*Task to complete*.
Reproduce the records word for word, from the first line to the line containing "Sunlight PNG HD - 140491".
-- Provided data follows --
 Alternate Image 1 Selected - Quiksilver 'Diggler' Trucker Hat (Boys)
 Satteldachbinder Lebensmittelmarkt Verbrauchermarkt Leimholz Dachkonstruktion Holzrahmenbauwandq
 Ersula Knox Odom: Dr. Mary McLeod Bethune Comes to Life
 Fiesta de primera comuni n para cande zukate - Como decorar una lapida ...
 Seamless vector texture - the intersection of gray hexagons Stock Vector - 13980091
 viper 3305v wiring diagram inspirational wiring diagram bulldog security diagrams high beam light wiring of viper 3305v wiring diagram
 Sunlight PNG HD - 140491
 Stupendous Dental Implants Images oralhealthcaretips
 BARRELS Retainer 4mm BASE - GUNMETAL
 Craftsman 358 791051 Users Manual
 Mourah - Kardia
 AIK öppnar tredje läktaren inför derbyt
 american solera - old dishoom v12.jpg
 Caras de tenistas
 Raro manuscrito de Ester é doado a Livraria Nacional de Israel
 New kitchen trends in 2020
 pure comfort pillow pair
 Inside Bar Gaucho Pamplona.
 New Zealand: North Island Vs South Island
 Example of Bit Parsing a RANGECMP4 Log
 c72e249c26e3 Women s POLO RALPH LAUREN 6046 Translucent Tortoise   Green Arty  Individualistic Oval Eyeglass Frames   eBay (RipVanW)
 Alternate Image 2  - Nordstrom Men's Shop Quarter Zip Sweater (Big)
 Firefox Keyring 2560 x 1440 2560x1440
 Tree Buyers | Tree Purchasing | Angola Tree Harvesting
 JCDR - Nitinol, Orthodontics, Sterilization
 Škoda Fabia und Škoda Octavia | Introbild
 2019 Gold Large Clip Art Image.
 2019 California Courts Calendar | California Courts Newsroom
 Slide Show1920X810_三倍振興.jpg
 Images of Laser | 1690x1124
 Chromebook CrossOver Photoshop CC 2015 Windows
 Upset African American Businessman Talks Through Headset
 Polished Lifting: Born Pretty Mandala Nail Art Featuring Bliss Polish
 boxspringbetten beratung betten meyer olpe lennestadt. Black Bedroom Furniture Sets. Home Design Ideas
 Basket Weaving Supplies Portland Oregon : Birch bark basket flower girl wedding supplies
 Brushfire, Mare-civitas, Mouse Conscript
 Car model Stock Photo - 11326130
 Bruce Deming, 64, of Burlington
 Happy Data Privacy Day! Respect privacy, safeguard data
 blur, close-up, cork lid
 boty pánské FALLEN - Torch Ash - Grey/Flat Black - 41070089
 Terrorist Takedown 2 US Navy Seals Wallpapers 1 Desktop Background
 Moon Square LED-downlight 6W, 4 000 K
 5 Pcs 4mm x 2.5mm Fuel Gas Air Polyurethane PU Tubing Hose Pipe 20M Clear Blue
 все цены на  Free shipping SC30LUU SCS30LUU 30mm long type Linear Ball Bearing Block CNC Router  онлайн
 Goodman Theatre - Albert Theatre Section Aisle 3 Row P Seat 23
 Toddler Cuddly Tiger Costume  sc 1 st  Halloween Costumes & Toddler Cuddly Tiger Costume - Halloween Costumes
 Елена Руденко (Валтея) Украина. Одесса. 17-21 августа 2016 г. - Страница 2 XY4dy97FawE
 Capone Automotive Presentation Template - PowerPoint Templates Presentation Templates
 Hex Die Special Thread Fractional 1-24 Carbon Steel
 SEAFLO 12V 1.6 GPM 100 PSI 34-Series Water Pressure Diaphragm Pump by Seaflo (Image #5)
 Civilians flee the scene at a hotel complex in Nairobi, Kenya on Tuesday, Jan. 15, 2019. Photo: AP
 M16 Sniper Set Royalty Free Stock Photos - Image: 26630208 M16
-- Provided data concluded --
*Solution to the problem*.
 Alternate Image 1 Selected - Quiksilver 'Diggler' Trucker Hat (Boys)
 Satteldachbinder Lebensmittelmarkt Verbrauchermarkt Leimholz Dachkonstruktion Holzrahmenbauwandq
 Ersula Knox Odom: Dr. Mary McLeod Bethune Comes to Life
 Fiesta de primera comuni n para cande zukate - Como decorar una lapida ...
 Seamless vector texture - the intersection of gray hexagons Stock Vector - 13980091
 viper 3305v wiring diagram inspirational wiring diagram bulldog security diagrams high beam light wiring of viper 3305v wiring diagram
 Sunlight PNG HD - 140491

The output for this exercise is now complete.